Private investment, freedom to buy, sell, and ...

What would you do if you were not a social media guru and “got social media” for the first time?

When I was growing up, we didn’t have electricity. We cooked on a “wood stove” (a Dover for connoisseurs). Our water was heated in wood-fired boiler. Our lights were gas. Our fridge used paraffin. The generator at the office used diesel. In winter, we had a wood fire. Our irons for pressing our clothes were heated with coals.

Our house was built for electricity though. The plugs, switches and wiring were all in place.

It was a pretty low key affair the day we were connected to the national grid. My mother received a telephone call (remember the mechanical models weren’t powered with electricity) and we calmly switched on the lights. I must have been about 10 and for some reason I got up that night. I wandered through to the living room and mother was ironing clothes with the electric iron. I might add that we employed someone to do the ironing (with the heavy wrought iron “irons” and their coals). So this was a thrill – using an electric iron was a thrill!

The number of appliances that work so much more conveniently with electricity are numerous – lights, irons, stoves, fridge, the kettle, the toaster, the radio. And we have added more – the TV, the blender, the shower. What else?

What do we already take for granted about social media?

Not many of us are volunteering to going back to houses fueled and heated with wood, coal, bottled gas, candles and paraffin and those that are, probably never lived without the national grid. Social media and its immediate antecedents are now so much part of our life, we aren’t going to volunteer to live without them.

Email is not really social media – but lets start there. If you live apart from your family, email is a boon allowing daily messages in almost real time. My supermarket, who sends me illegible emails, somehow misses the entire point.

Txting is not just a youth thing. How on earth did we find each other in the shopping mall or the railway station without our mobile phones? What a boon it is to arrive on a long distance flight and to txt “we are down” to someone who is coming to pick you up.

Skype has been described as a “life saver”. Imagine being apart from your loved ones. Then think of speaking to them daily over Skype with a cam.

Google search is now so common, we forget it is less than 10 years old.

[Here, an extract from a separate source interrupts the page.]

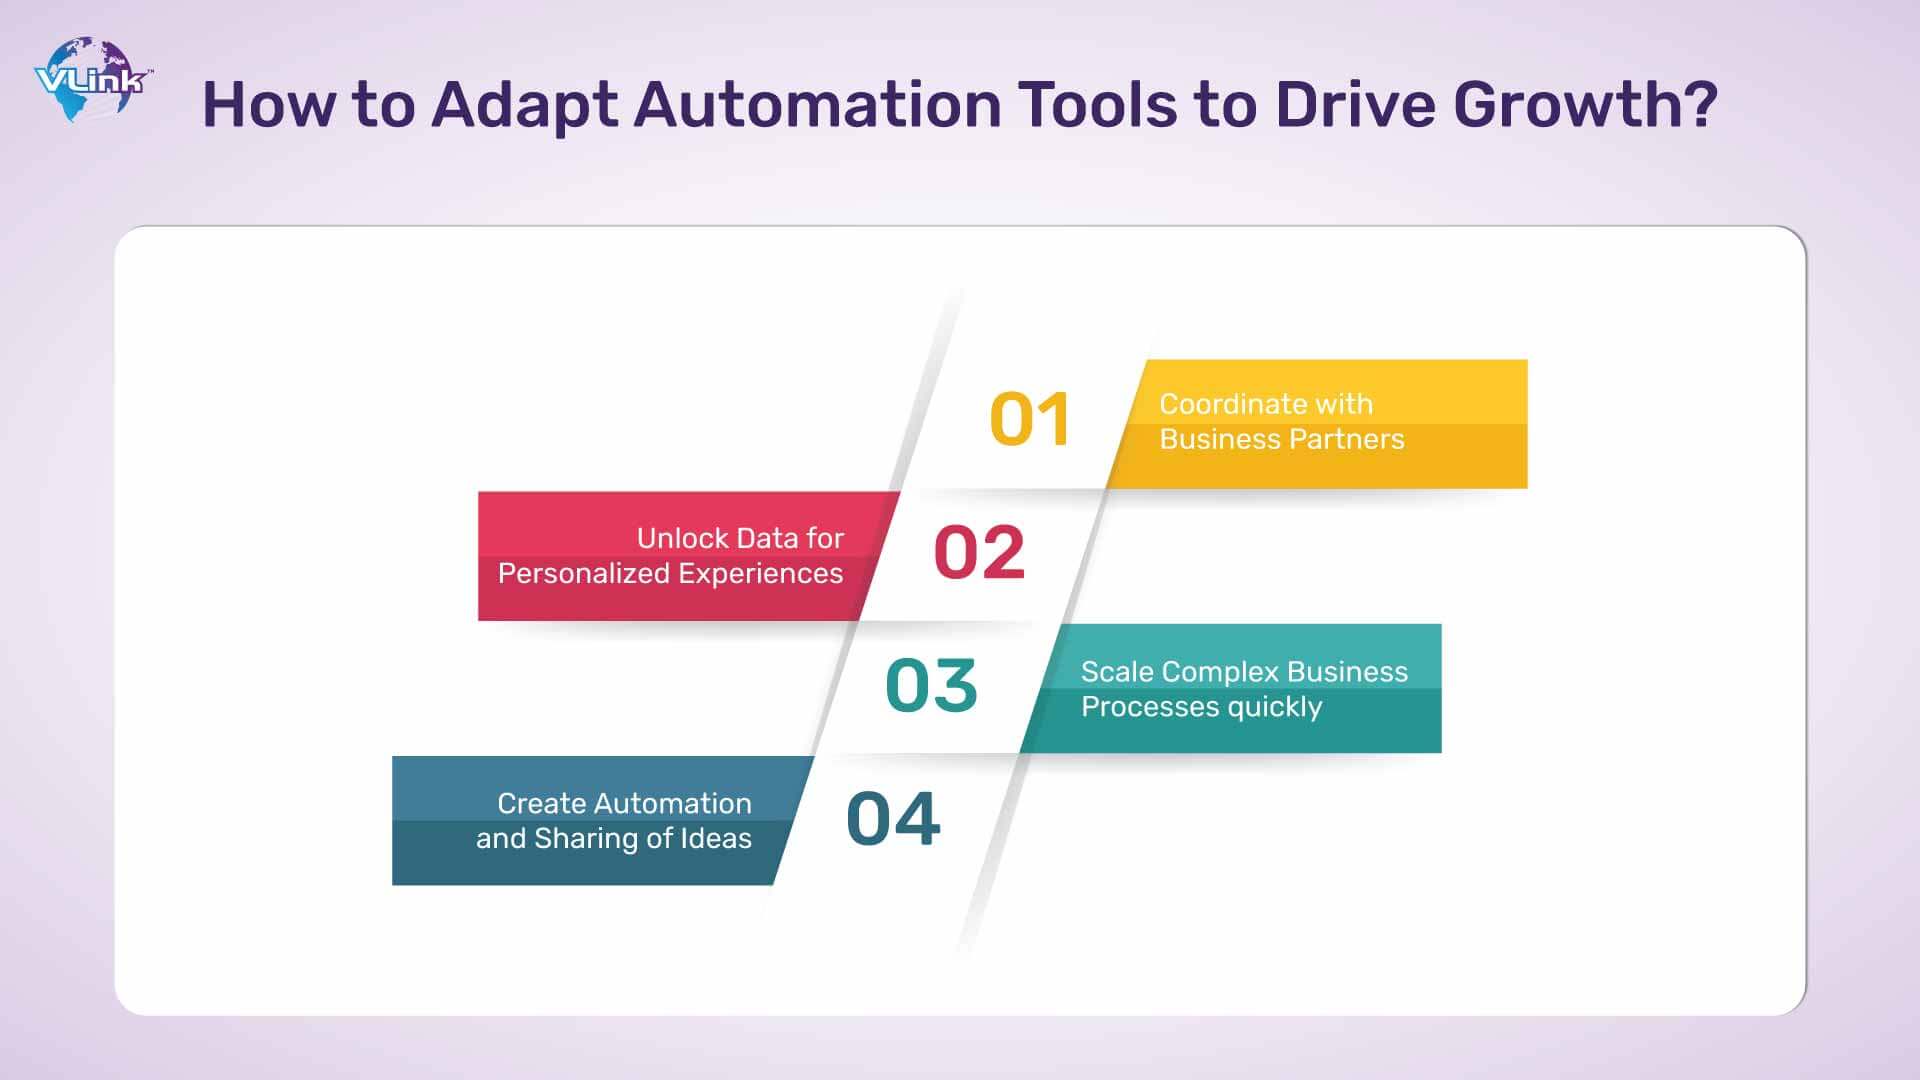 How to Adopt Automation Tools to Drive Growth
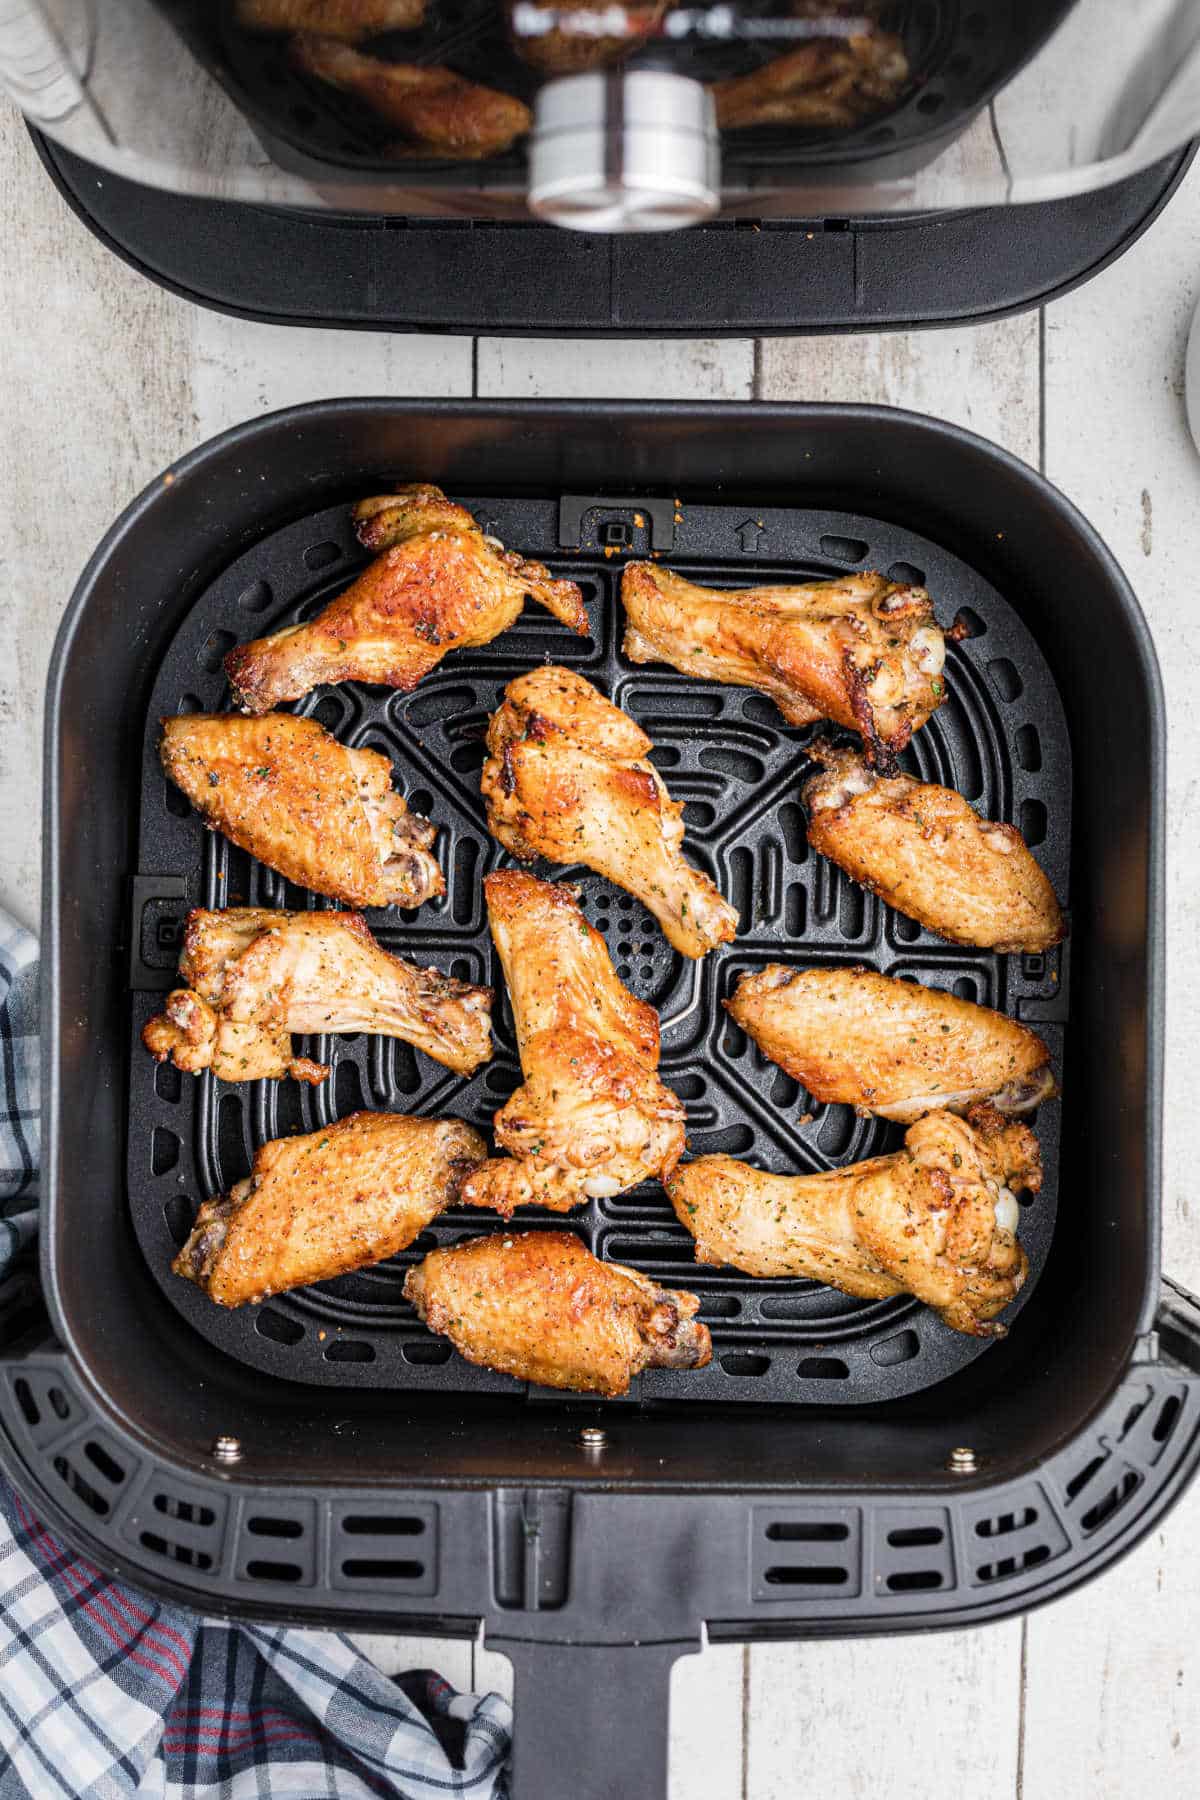 An air fryer basket with some ranch chicken wings cooked inside.

Internet banking is also a given, I couldn’t believe that my British bank issued a cheque book when I arrived here. I had to be reminded how to use one (and I only use it to transfer money from one part of the bank to another – but we are in UK now – when in Rome and all that.)

Wikipedia and online dictionaries clear the desk next to us as do online yellow and white pages. I use wikis unconventionally. I just like them for organizing long documents and I become quite irritated by long word documents. Nothing over one page on Word, please!

Blogs are not just convenient soapboxes. The conversational format also encourage people to write. No one mentions the increase in literacy and fluency likely to develop from the ease of content generation.

RSS feeds and aggregators are marvellous. I follow a story like the Obama campaign by setting up an alert and feeding it into a folder. Then once I day I can scan 50 or so stories and get the formal news and the citizen commentary. I do the same for new professional areas where I am still getting oriented.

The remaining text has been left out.